Americans Are So Done With Covid (and Compassion)
Or How I Got Sick and the “Emergency” Ended
After giving a socko talk on generative Artificial Intelligence at the University of the Azores, I returned to the U.S. with a hacking cough and foggy cold on May 11 and promptly tested positive for Covid. Hence my absence from the blogosphere for more than two weeks.
My return coincided with the lapse of U.S. “Covid emergency” measures, and the pronouncement of the World Health Organization that Covid is no longer “a public health emergency of international concern.” Someone forgot to tell my virus. That got me thinking, once my brain was able to think.
The pandemic caused unimaginable loss and suffering in this country, which led the world in fatalities.[1] According to the CDC, the death toll since the beginning of the pandemic is a mind-boggling 1,128,903; there is barely a family unaffected.
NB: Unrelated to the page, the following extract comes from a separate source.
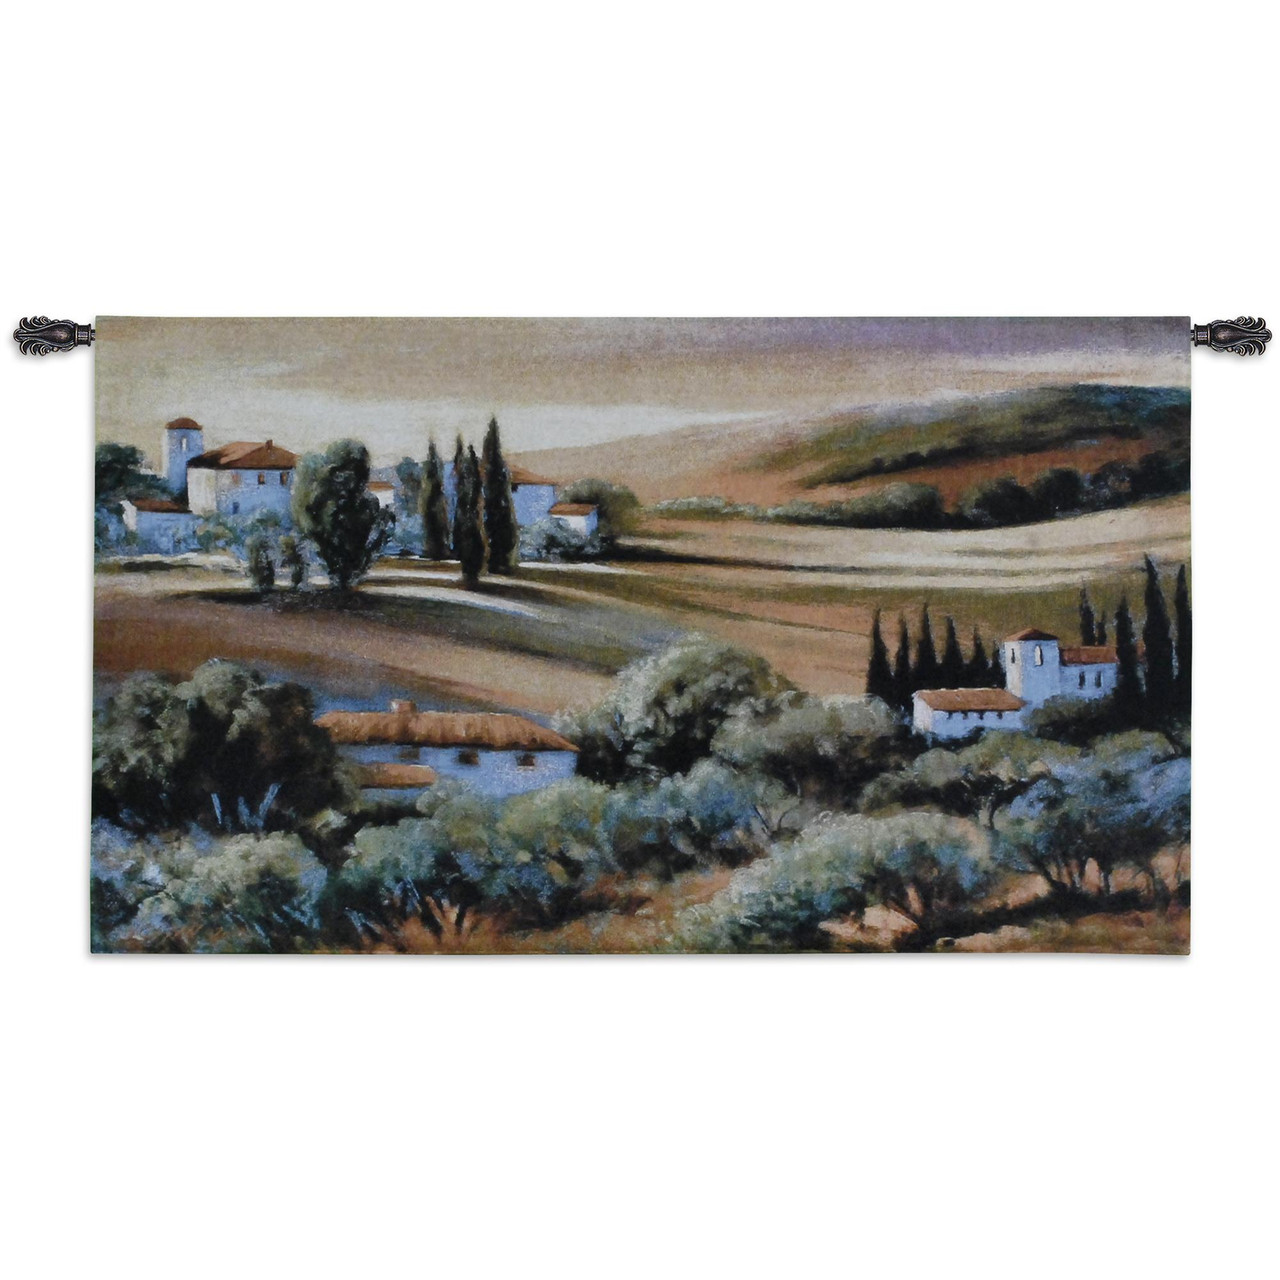 Afternoon Light in Tuscany by Carol Jessen Woven Tapestry Wall Art Hanging  Vibrant Tuscan Hillside Panoramic 100% Cotton USA Size 53x32

Globally, the World Health Organization puts the reported Covid death toll at nearly 7 million; of course, the actual number of deaths is likely to be far higher.
But it also impelled our government to enact social welfare policies that for a few years gave us a taste of what a more humane society might be. For years, the U.S. has had the worst health outcomes of any high income nation, a trend that is deepening despite the extraordinary and increasing cost of our medical care (the U.S. being the only nation among rich peers not to guarantee universal healthcare). Nevertheless, during the pandemic, we managed to provide stimulus checks and childcare allowances, create paid sick and caregiving leave, ban housing foreclosures, evictions and provide rental and housing assistance, and enhance food benefits markedly. Most of those benefits have ended long ago; apparently compassion does not draw voters in this divided nation. Millions were lifted out of poverty, but those numbers will reverse.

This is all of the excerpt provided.